3.3. SPP1 and ITGAX expression by cell type
Further, we examined the expression of SPP1 and ITGAX and their associations with cognitive decline and with neuropathologic indices with snRNASeq from 424 individuals and six major cell types (ast, ext, inh, mic, oli, and OPCs) plus 81 subpopulations from over 1.6 million nuclear transcriptomes. 38 , 39 We found that ITGAX is expressed only in microglia, and SPP1 is expressed in all major cell types of the DLPFC, highest in microglial and oligodendrocytes populations (Figure 4A). Our results indicate that individuals with higher SPP1 expression in excitatory neurons, inhibitory neurons, and oligodendrocytes had faster cognitive decline. Specifically, individuals exhibiting elevated SPP1 expression in excitatory neurons had a decline that was 18% faster compared to those with average expression. In inhibitory neurons, the decline was 22% faster, and in oligodendrocytes, it reached 35%. Consistent with the result for bulk gene expression, the association of ITGAX in microglia with cognitive decline was not significant (Table 2).
FIGURE 4.
Expression level of secreted phosphoprotein 1 (SPP1) and integrin subunit alpha X (ITGAX) and neuropathologies association analysis by cell type. (A) Expression level of the ITGAX and SPP1 genes by cell type (cell types: ast = astrocytes, ext = excitatory neurons, inh = inhibitory neurons, mic = microglia, oli = oligodendrocytes, and OPCs = oligodendrocyte precursor cells). (B) The associations of gene expression and neuropathologies, by cell type. Red represents a positive association. AD, Alzheimer's disease; CAA, cerebral amyloid angiopathy; Est, estimate; HS, hippocampal sclerosis; LATE, limbic‐predominant age‐related TDP‐43 encephalopathy; LB, Lewy bodies
TABLE 2.
Associations of cell‐type specific SPP1 and ITGAX with cognitive decline
Cell type | SPP1 | ITGAX |
---|---|---|
Astrocytes | −0.0066 (0.0054, 0.2261) | NA |
Excitatory neurons | −0.0159 (0.0057, 0.0052) | NA |
Inhibitory neurons | −0.0183 (0.0056, 0.0011) | NA |
Microglia | −0.0093 (0.0056,0.0971) | 0.0101 (0.0055, 0.0641) |
Oligodendrocytes | −0.0277 (0.0054,0.0000) | NA |
Oligodendrocyte precursor cells | −0.0105 (0.0056, 0.0611) | NA |
Note: In each cell, the three numbers are point estimate (slope of change with one unit increase in expression), standard error, and p‐value. NA = Not available, meaning the gene is not expressed in that particular cell type. ITGAX, integrin subunit alpha X; SPP1, secreted phosphoprotein 1.

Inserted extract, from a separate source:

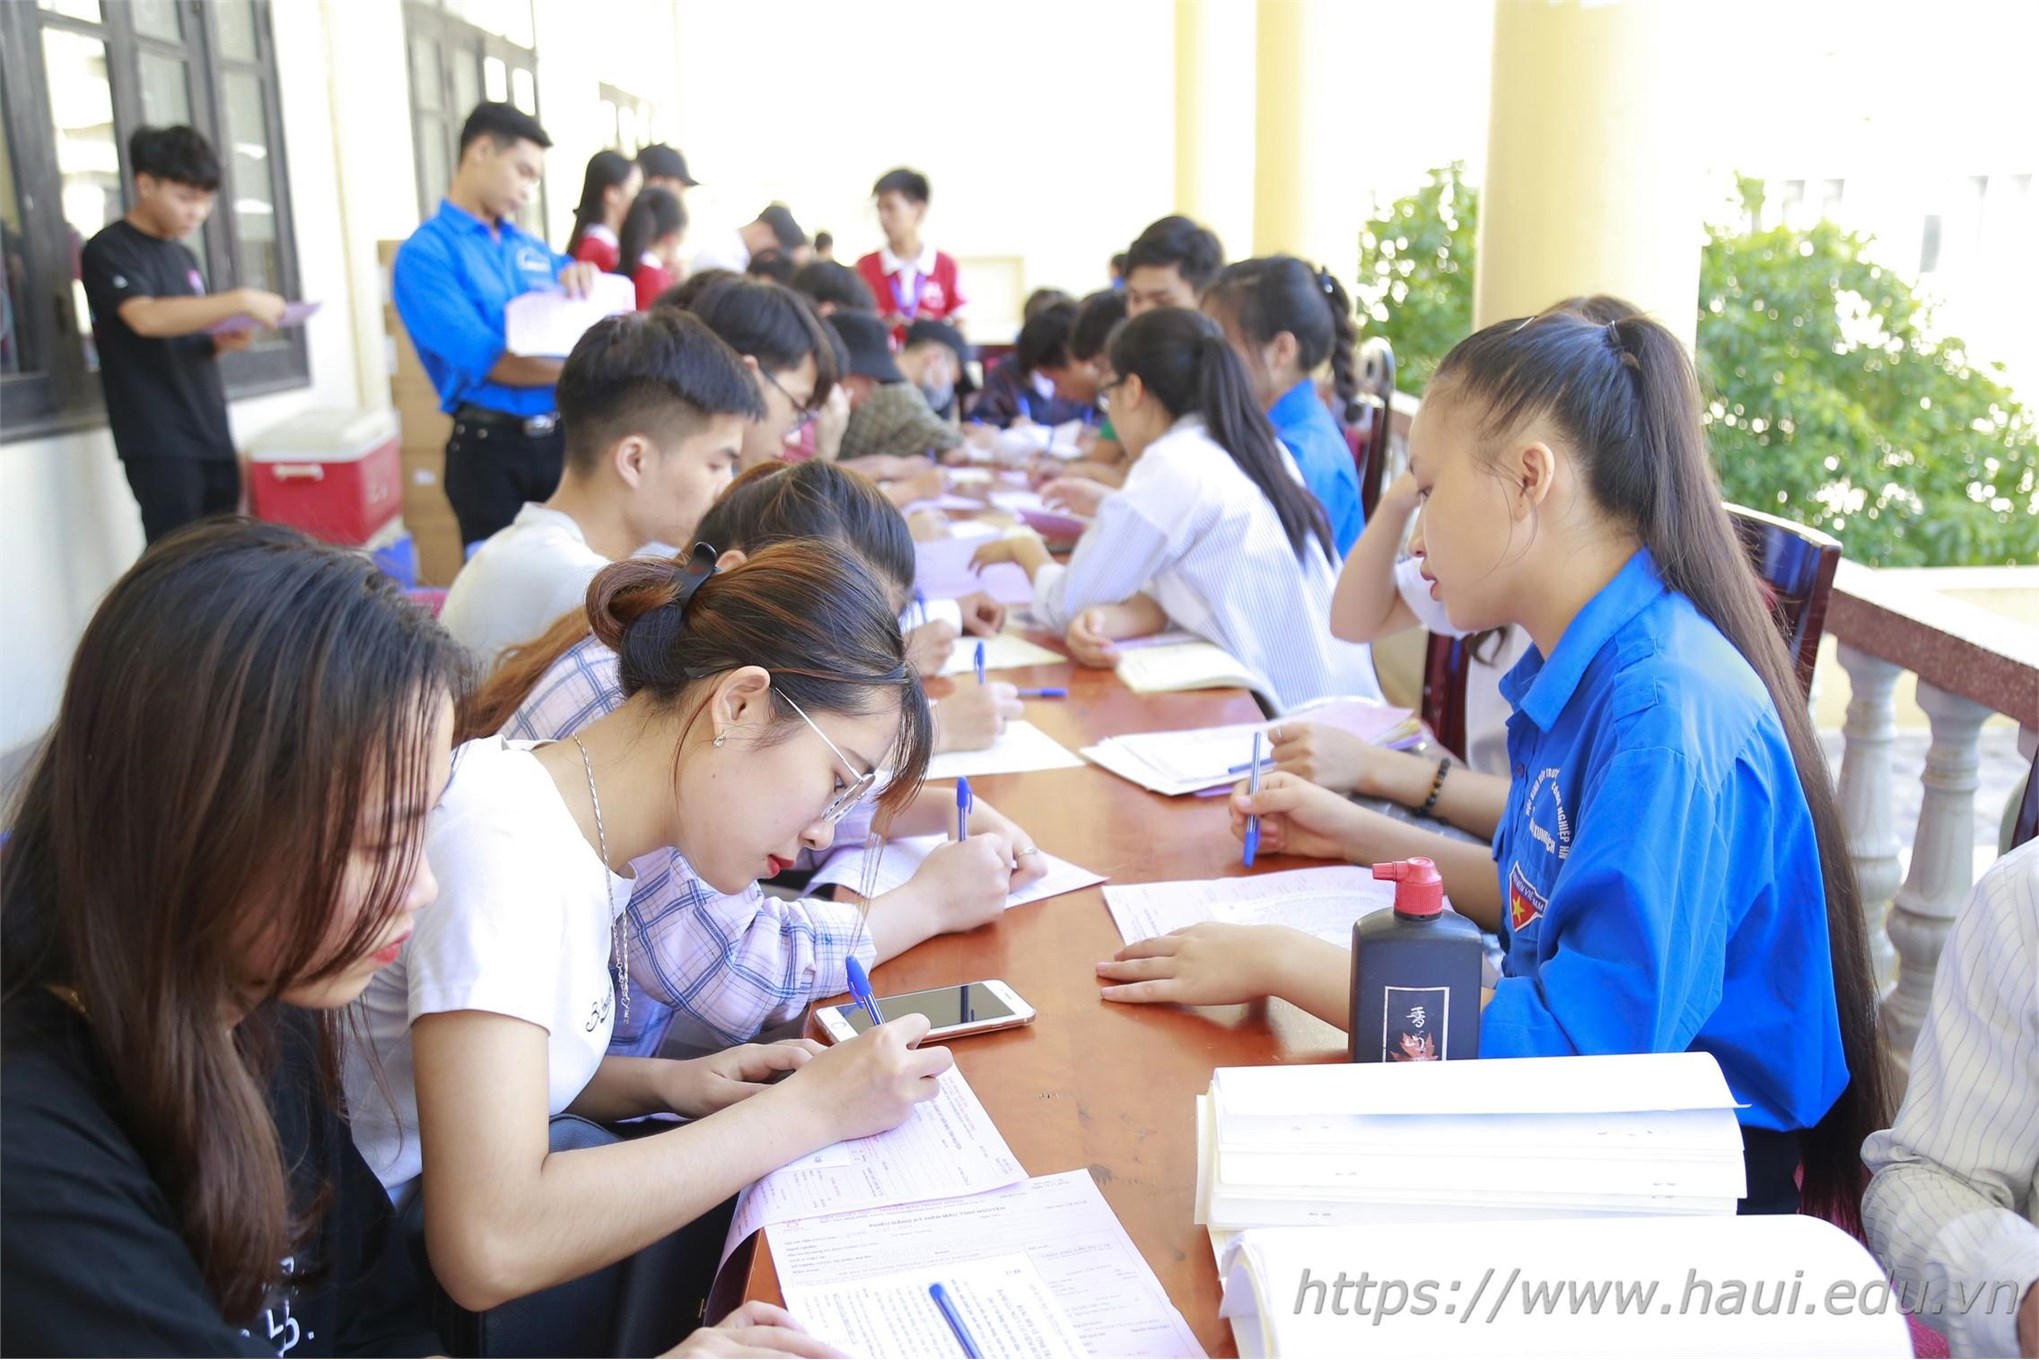 Tuổi trẻ Trường Đại học Công nghiệp Hà Nội hiến tặng 843 đơn vị máu tại Ngày hội Cầu vồng nhân ái năm 2020

We found that the associations between gene expression and neuropathologies are cell type dependent. Figure 4B shows that SPP1 in oligodendrocytes and microglial cells were associated with pathological AD diagnosis (OR = 1.367, 95% CI = 1.103 to 1.694 and OR = 1.57, 95% CI = 1.214 to 2.031, respectively). Separately, we observed that SPP1 in microglia was also associated with CAA, SPP1 in inhibitory neurons and OPCs were associated with atherosclerosis, and SPP1 in oligodendrocytes was associated with arteriolosclerosis. ITGAX in microglia was not associated with neuropathologies (Figure 4B).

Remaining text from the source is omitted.